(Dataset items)

· · · ·

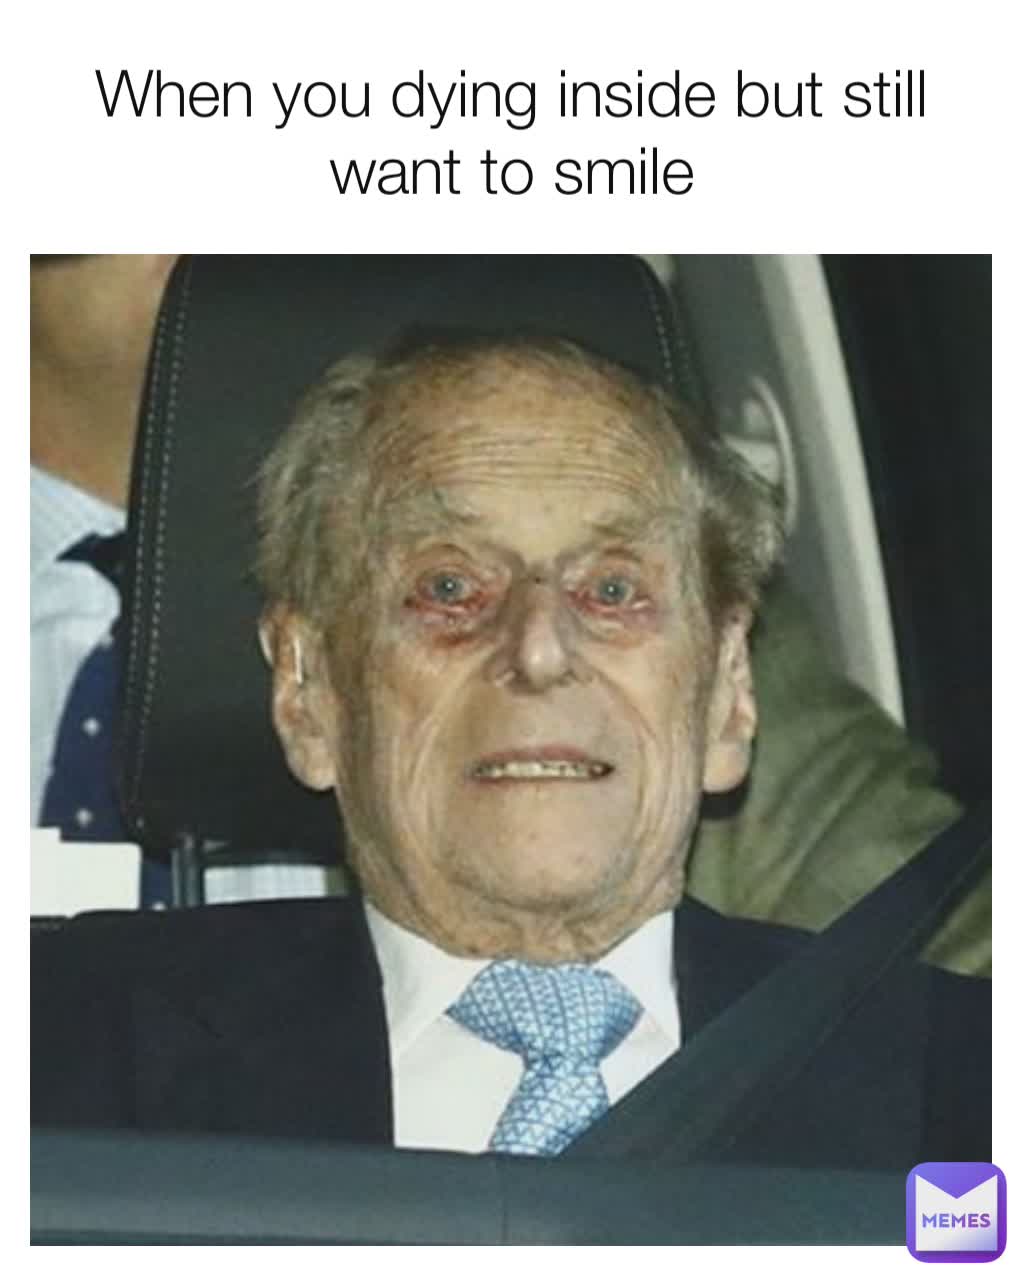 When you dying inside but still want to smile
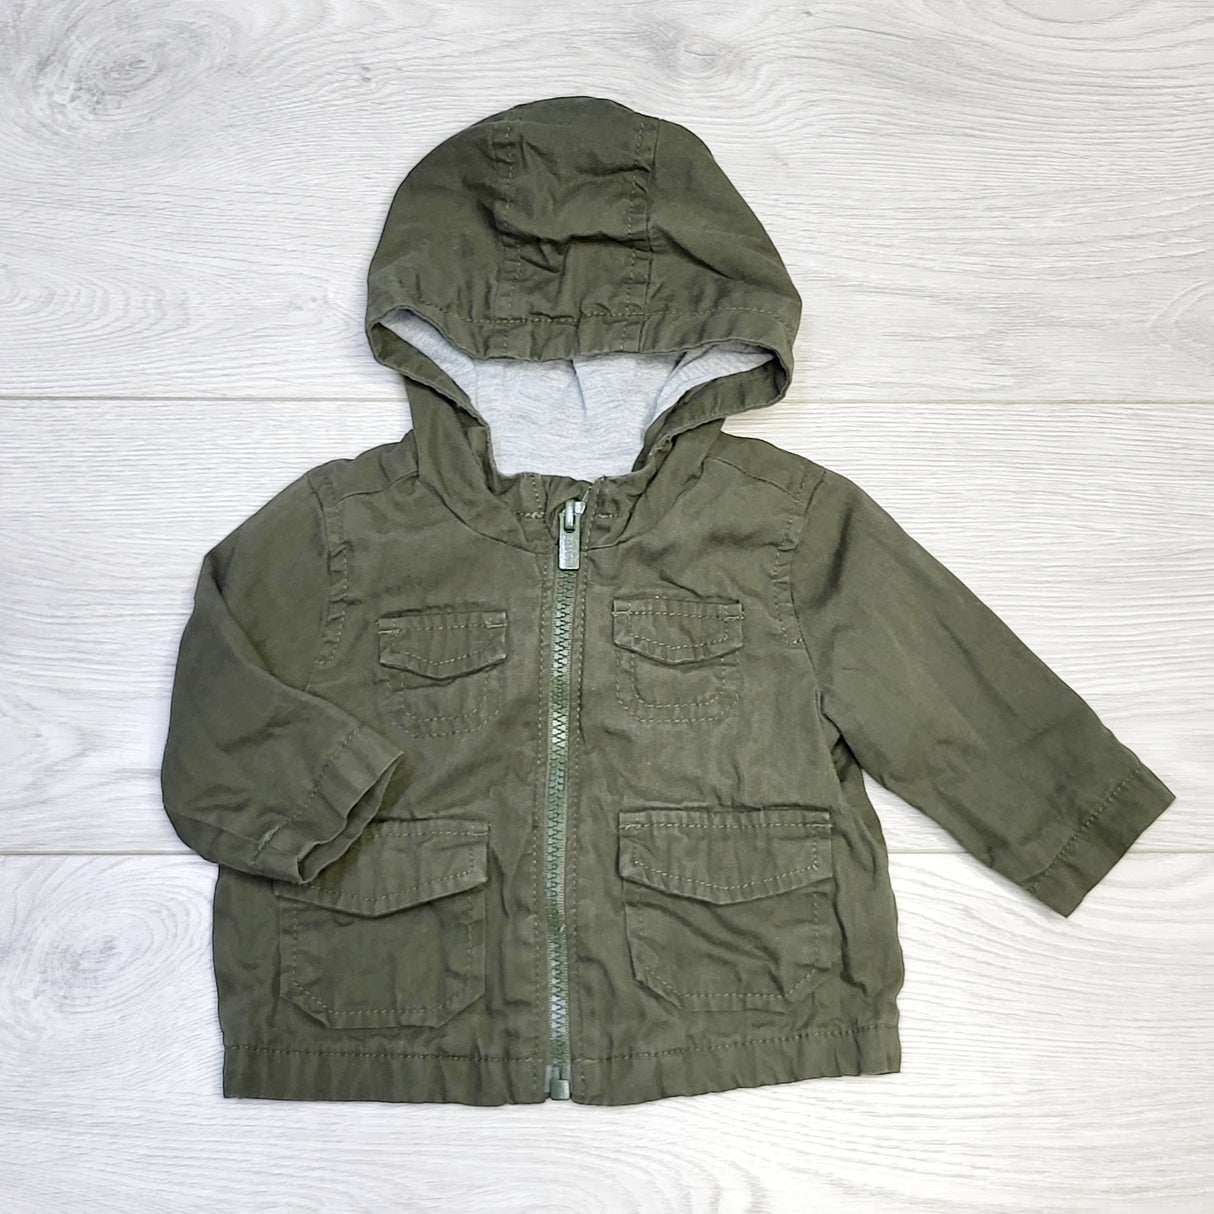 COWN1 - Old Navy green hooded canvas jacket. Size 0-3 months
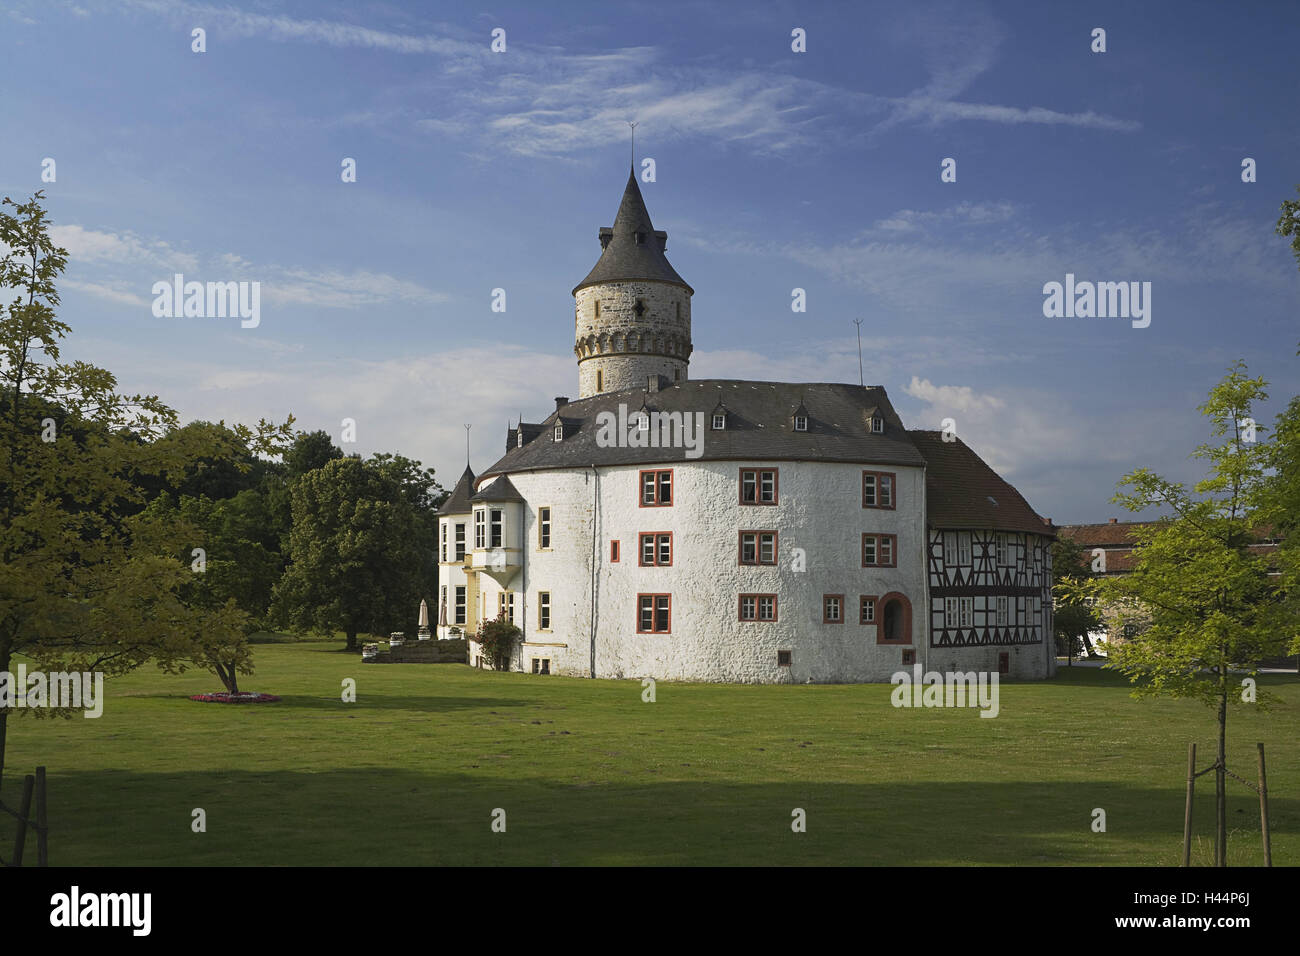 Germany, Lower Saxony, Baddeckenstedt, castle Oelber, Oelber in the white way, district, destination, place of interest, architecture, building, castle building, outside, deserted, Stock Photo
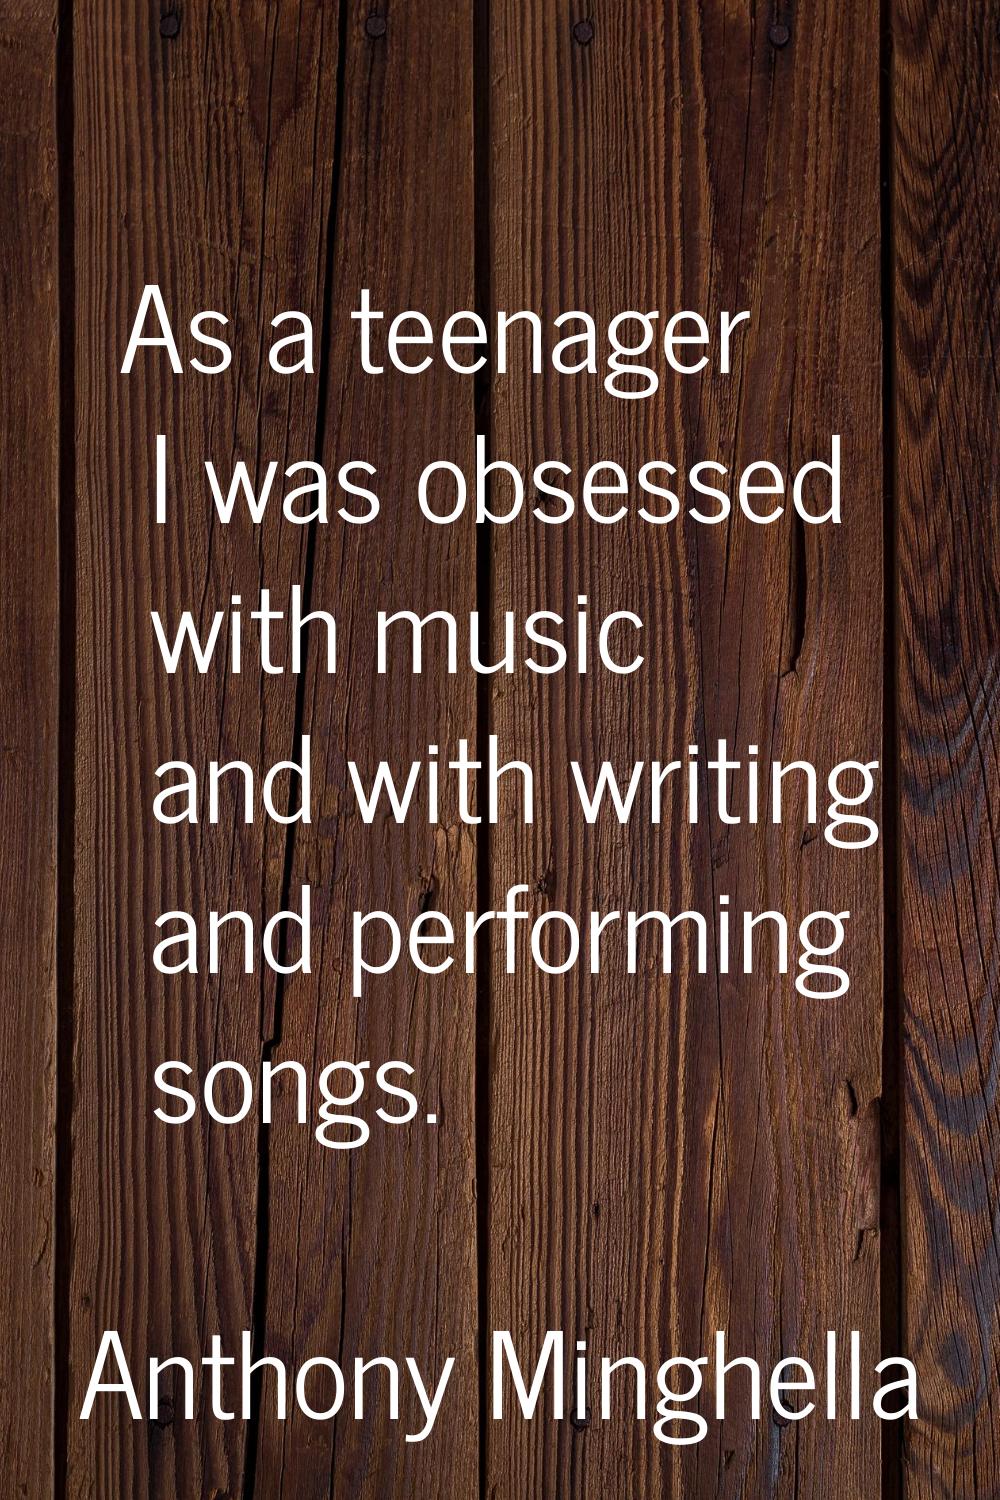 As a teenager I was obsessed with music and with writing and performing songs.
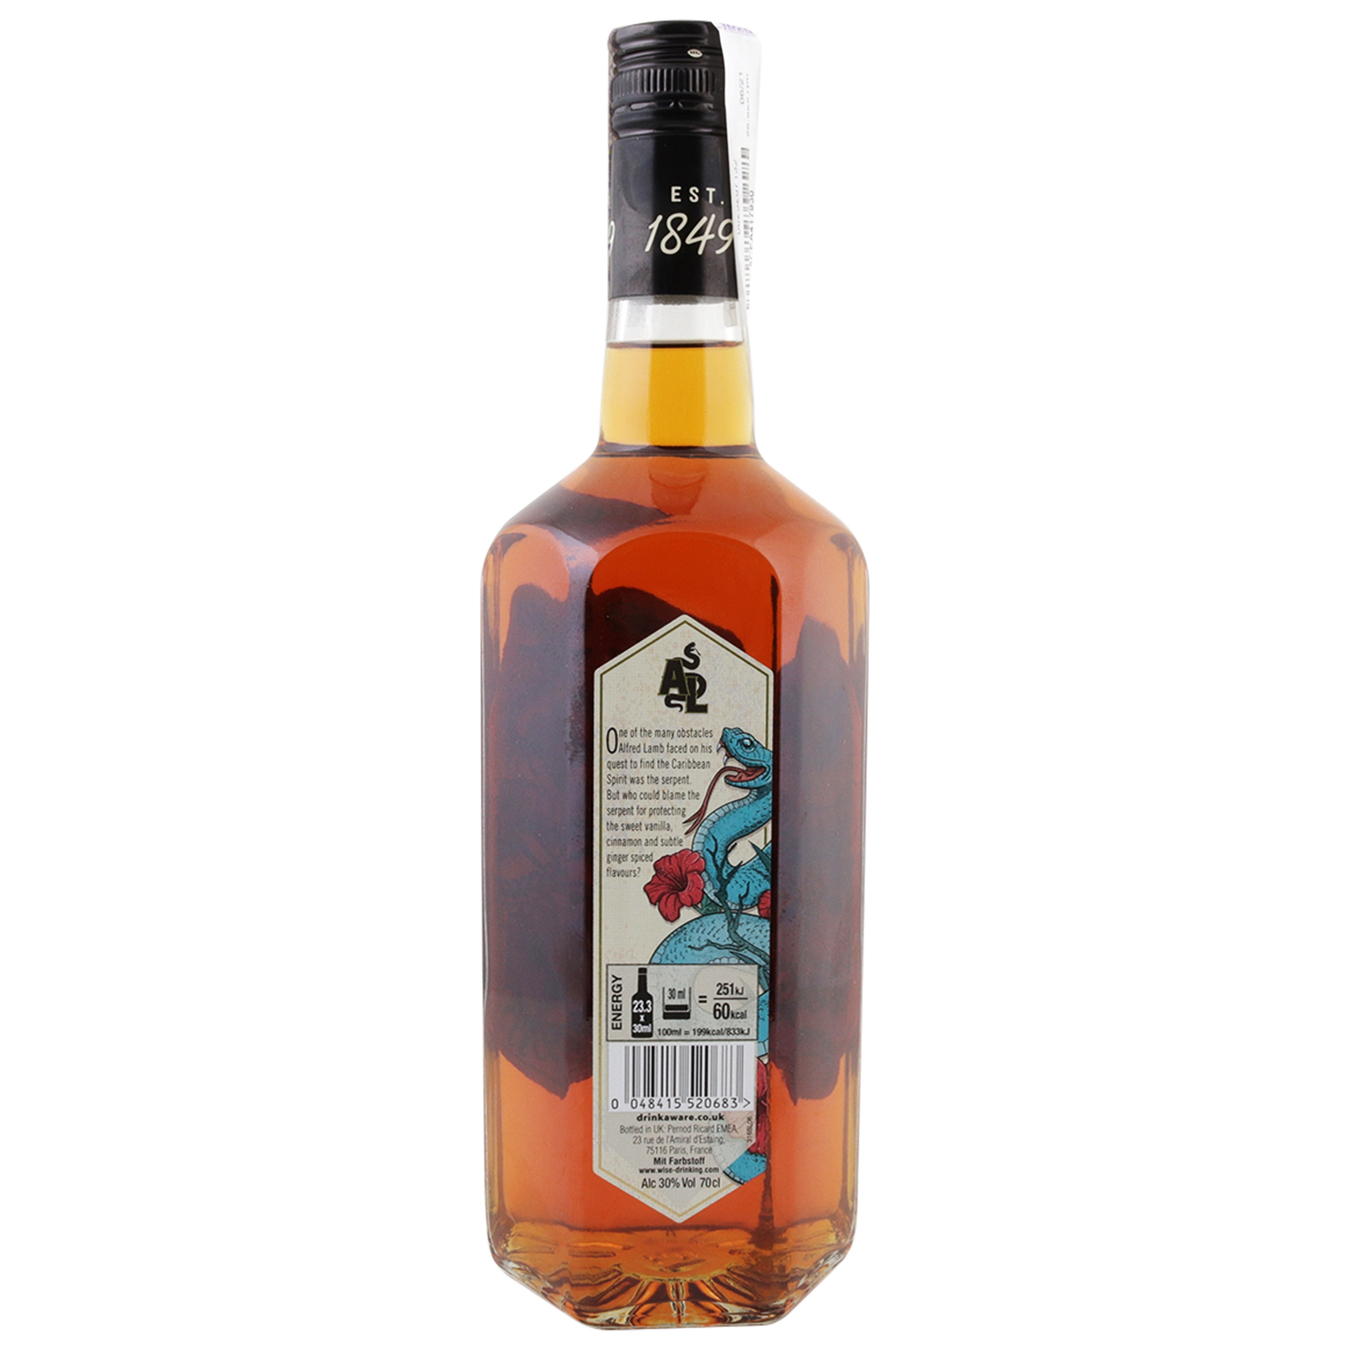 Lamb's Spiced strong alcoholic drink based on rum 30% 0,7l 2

· · · ·

## EXERCISE DETAILS
The answer must be an exact copy of the entries, with the pictures omitted.

## ANSWER FOR THE TASK
 When you dying inside but still want to smile
 COWN1 - Old Navy green hooded canvas jacket. Size 0-3 months
 Germany, Lower Saxony, Baddeckenstedt, castle Oelber, Oelber in the white way, district, destination, place of interest, architecture, building, castle building, outside, deserted, Stock Photo
 As a teenager I was obsessed with music and with writing and performing songs.
 Lamb's Spiced strong alcoholic drink based on rum 30% 0,7l 2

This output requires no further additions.